How to generate your own Base36 Product Quickcode sequence using the SHA2 hash
Run this process for a few hours and you too can have your very own unique sequence of millions of unique Quickcodes that will keep your inventory management system well-fed for life.
The statistical spread of the characters in the resulting series of Quickcodes is very even, which means that substrings of the Quickcode can be used to construct a hashed directory tree for holding. The typical example of where this would be used is to manage the huge amount of product image files associated with a product catalogue: Using a hashed directory tree is a quick and efficient method to host millions of separate files for quick, random access, as most file systems only perform optimally with less than 1,000 files or subdirectories held in a directory.
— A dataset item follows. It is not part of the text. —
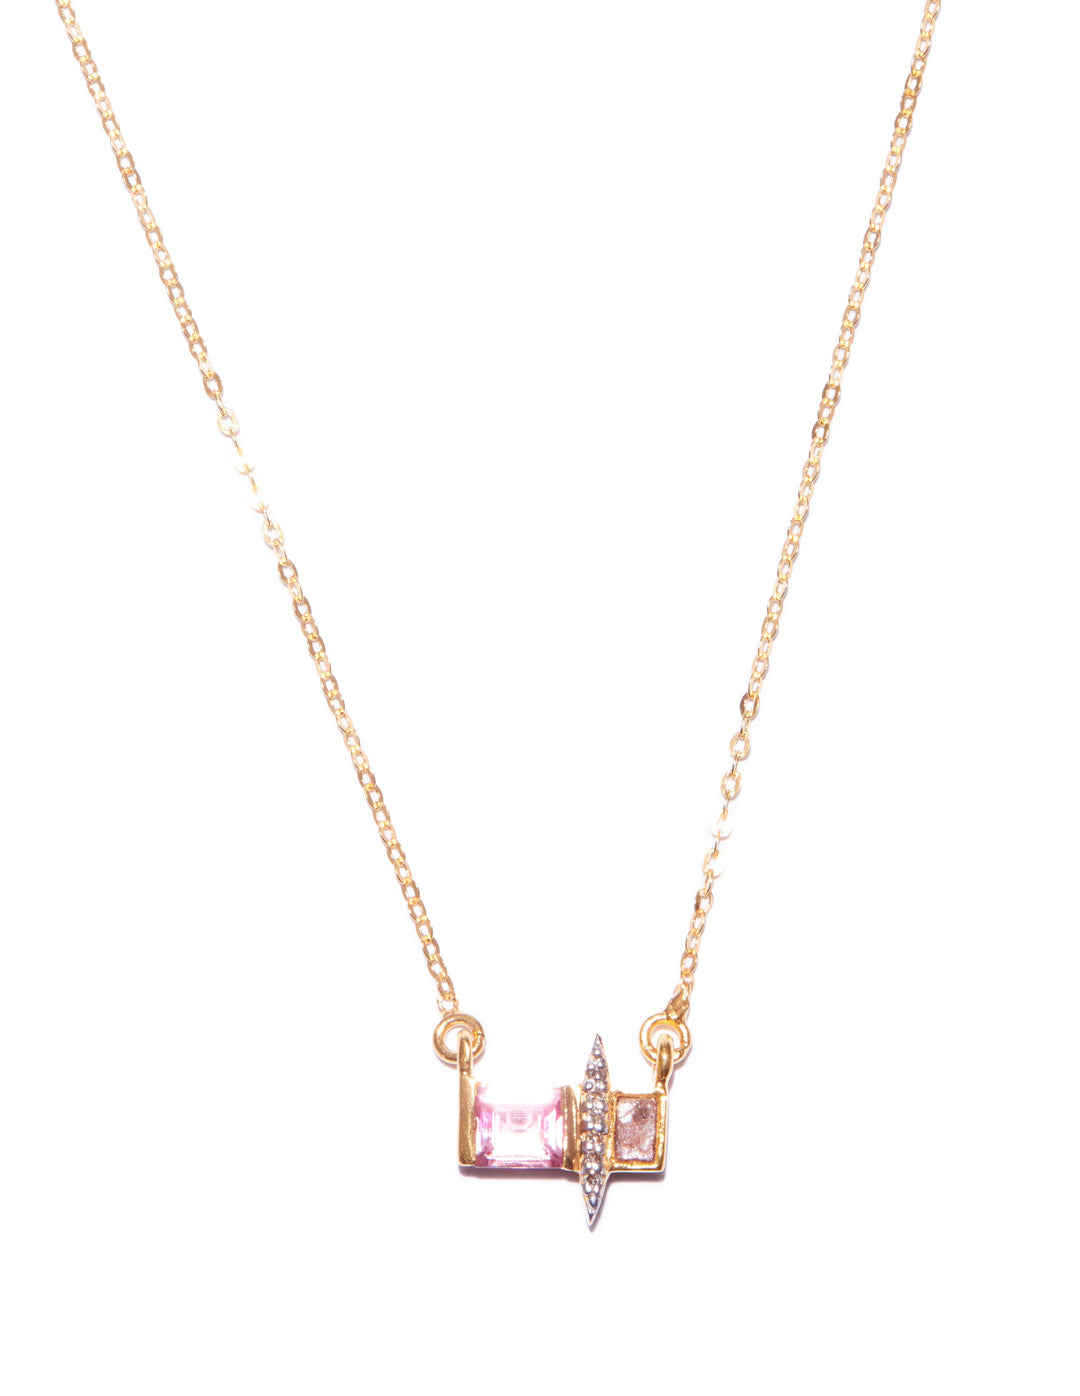 Cujas Pendant Necklace in Pink Tourmaline

This deterministic technique uses a hash of the sequential Integer Id of an item to generate a typical product Quickcode for it, as found in many shopping catalogues. An arbitrary example of how a Quickcode is generated from its primary key integer Id would be something like:
- 1 => 8M9LFLN2
- 2 => HZ40H3K0
- 3 => 02LUJYQ2
- etc..
You can download the Base36 Quickcode Generator test script, which demonstrates an implementation in Perl and MySQL.
What are Quickcodes?
Base36 Quickcodes are used as a human-friendly way to identify items in very large catalogues as opposed to having to reel off endlessly-long and ambiguous integer identifiers - consider why car registrations are not all integers.
Using the counting base of 36 means that we start counting from as normal from 0, and after 9 we continue with capital A and end with capital Z, using the modern English version of the Latin alphabet: this amounts to 36 unique counting symbols before we "carry over" 1 to the adjacent left-hand column.
Base36 is also a very compact way of representing a value in string form. Consider the integer value 1234567890 (in Base10, the base that we mortals normally use), which can be represented in Base36 as 99T4C2. Not only is it shorter, but there would be less confusion of communicating this over a noisy telephone / radio connection.
One often finds them alongside items in printed product catalogs and online shops. Airline bookings are also identified with such quickcodes, called PNRs (Passenger Name Records), and are usually only 6 characters long.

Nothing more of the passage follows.